The patch + the commit message: http://hg.openjdk.java.net/jdk7/hotspot-comp/hotspot/rev/e8443c7be117
Sun bug:
http://bugs.sun.com/view_bug.do?bug_id=6921969
Mailing list posts:http://mail.openjdk.java.net/pipermail/hotspot-compiler-dev/2010-January/002639.html
http://mail.openjdk.java.net/pipermail/hotspot-compiler-dev/2010-February/002660.html
It applies well to the BigInteger.mulAdd loop:
private final static long LONG_MASK = 0xffffffffL; static int mulAdd(int[] out, int[] in, int offset, int len, int k) { long kLong = k & LONG_MASK; long carry = 0; offset = out.length-offset - 1; for (int j=len-1; j >= 0; j--) { long product = (in[j] & LONG_MASK) * kLong + (out[offset] & LONG_MASK) + carry; out[offset--] = (int)product; carry = product >>> 32; } return (int)carry; }
It improved an internal microbenchmark that uses BigInteger.mulAdd by 12%, and crypto.rsa and crypto.signverify in SPECjvm2008 by 7% and 2.3%, respectively in my measurements.
Here's low level details. On x86 (32 bit), a 64 bit long multiplication is implemented as a sequence of multiple 32 bit multiplications as in:
MOV EBP,ECX.lo IMUL EBP,EDX MOV EDX,ECX.hi IMUL EDX,EAX ADD EBP,EDX MUL EDX:EAX,ECX.lo ADD EDX,EBP
This is based on the following idea:
Result = x * y
is implemented as
lo(result) = lo(x_lo * y_lo)
hi(result) = hi(x_lo * y_lo) + lo(x_hi * y_lo) + lo(x_lo * y_hi)
where lo(x) indicates the lower 32 bits of x and hi(x) the higher 32 bits of x.
In the above mulAdd code, the higher 32 bits of both of operands are known to be zero because of the '&' operations. In such cases, some 32 bit multiplications are redundant. In the above formula, if x_hi=0 and y_hi=0,
lo(result) = lo(x_lo * y_lo)
hi(result) = hi(x_lo * y_lo)
because lo(x_hi * y_lo) = 0 and lo(x_lo * y_hi) = 0.
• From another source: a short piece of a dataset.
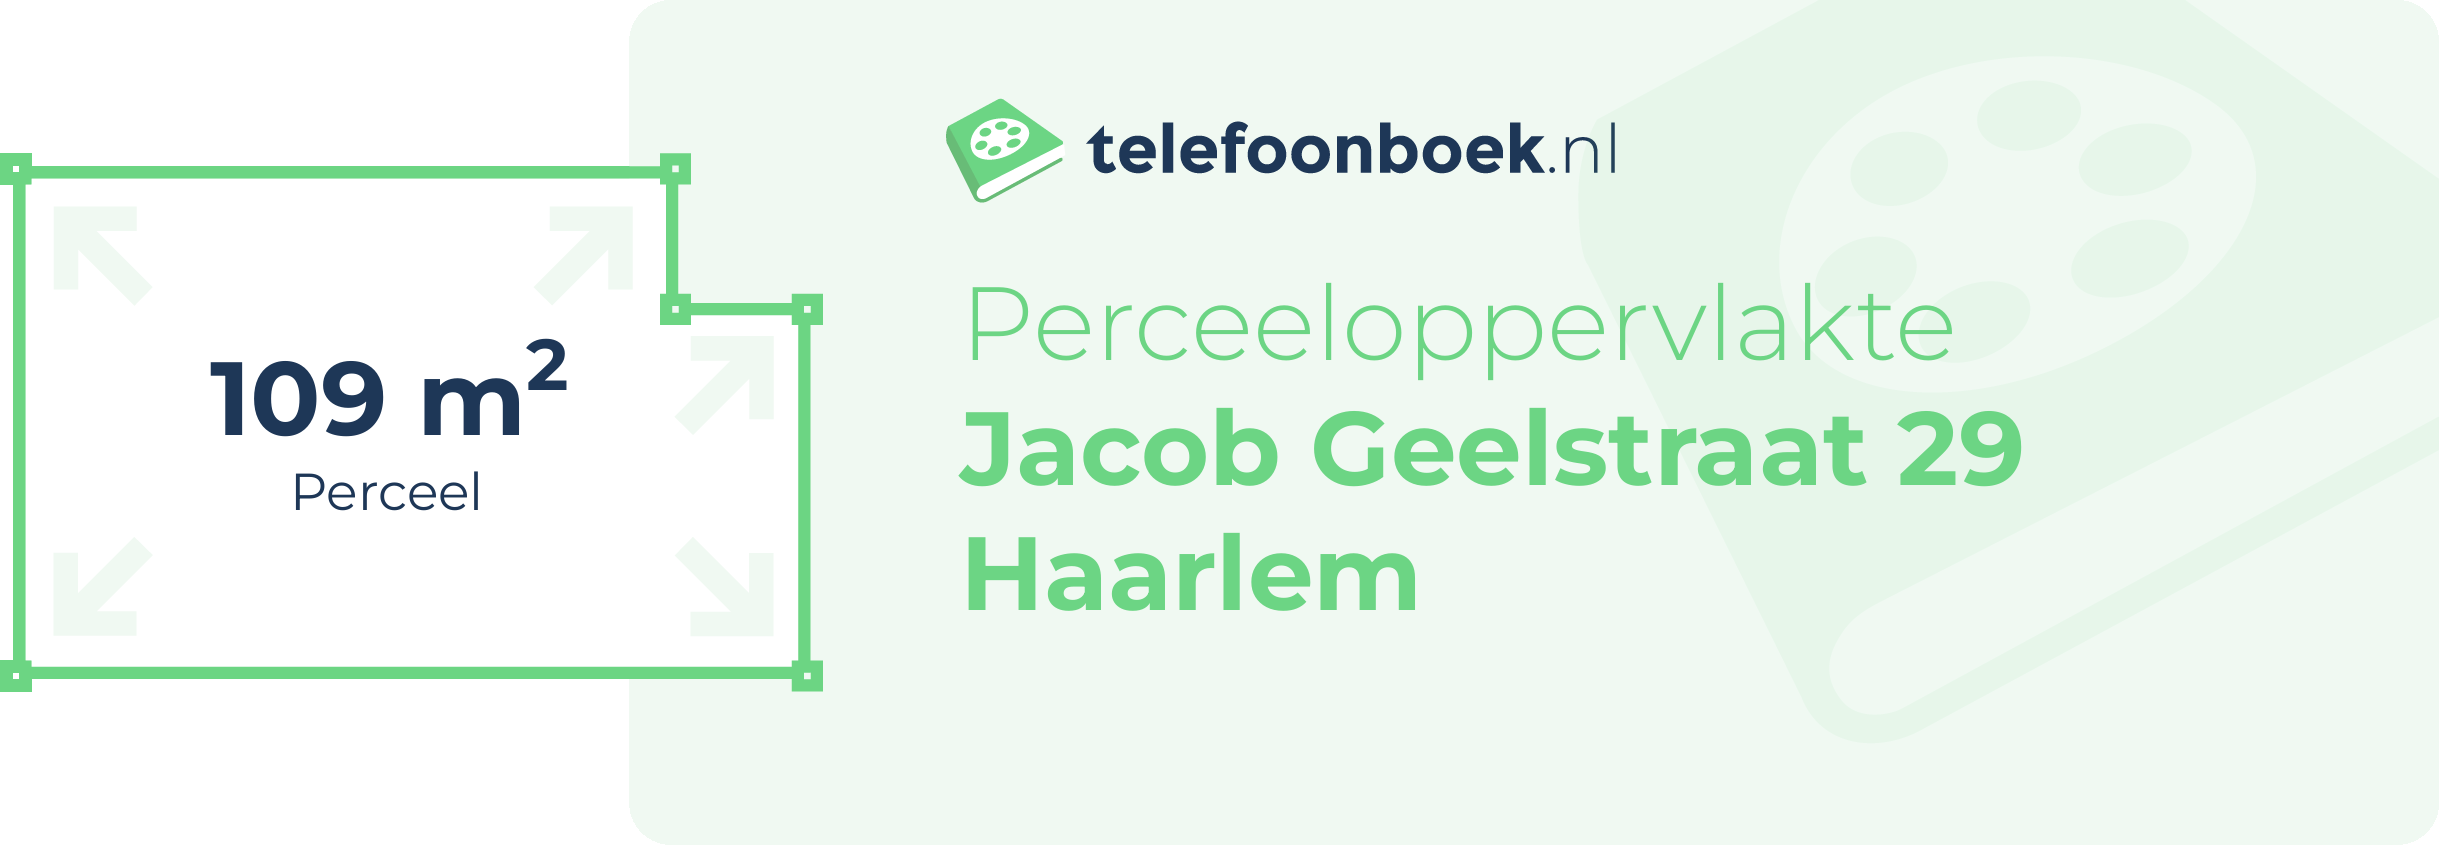 Perceeloppervlakte Jacob Geelstraat 29 Haarlem
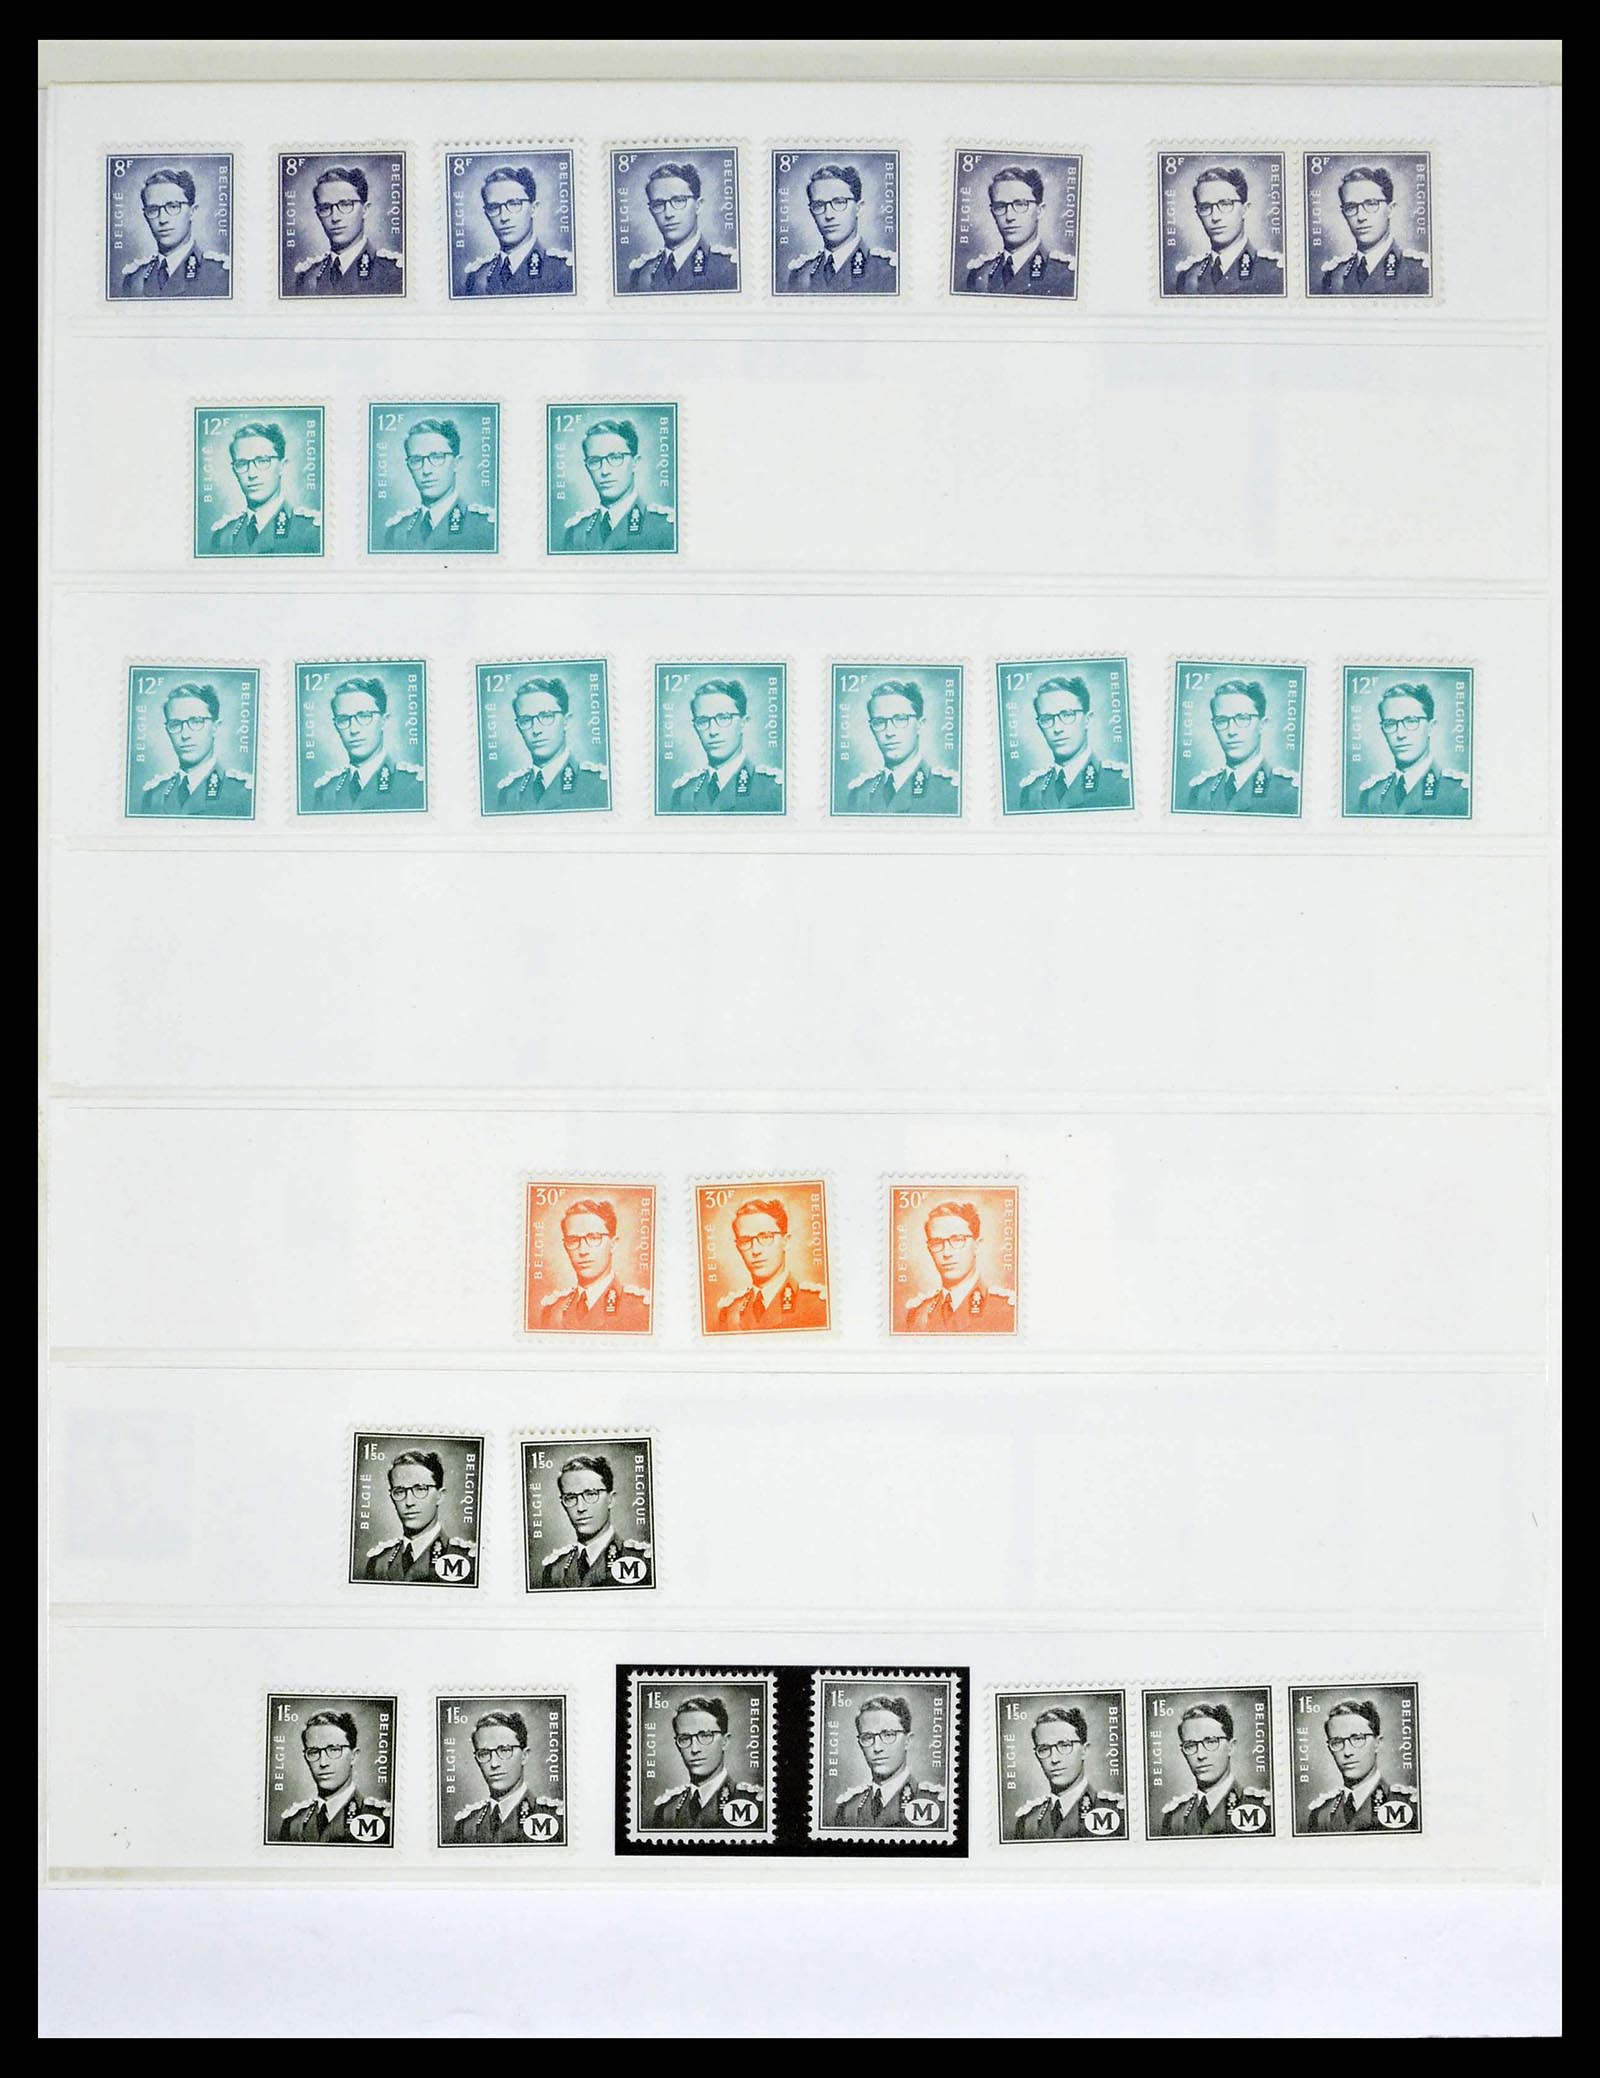 39229 0026 - Stamp collection 39229 Belgium Boudewijn with glasses 1952-1975.

In this case, we need to emit only
MUL EDX:EAX,ECX.lo
which is one instruction instead of 7 and is faster to execute. There are variations of this where only one of x_hi and y_hi is zero.
I thank Chuck Rasbold, Tom Rodriguez, Christian Thalinger, and Vladimir Kozlov who reviewed this change.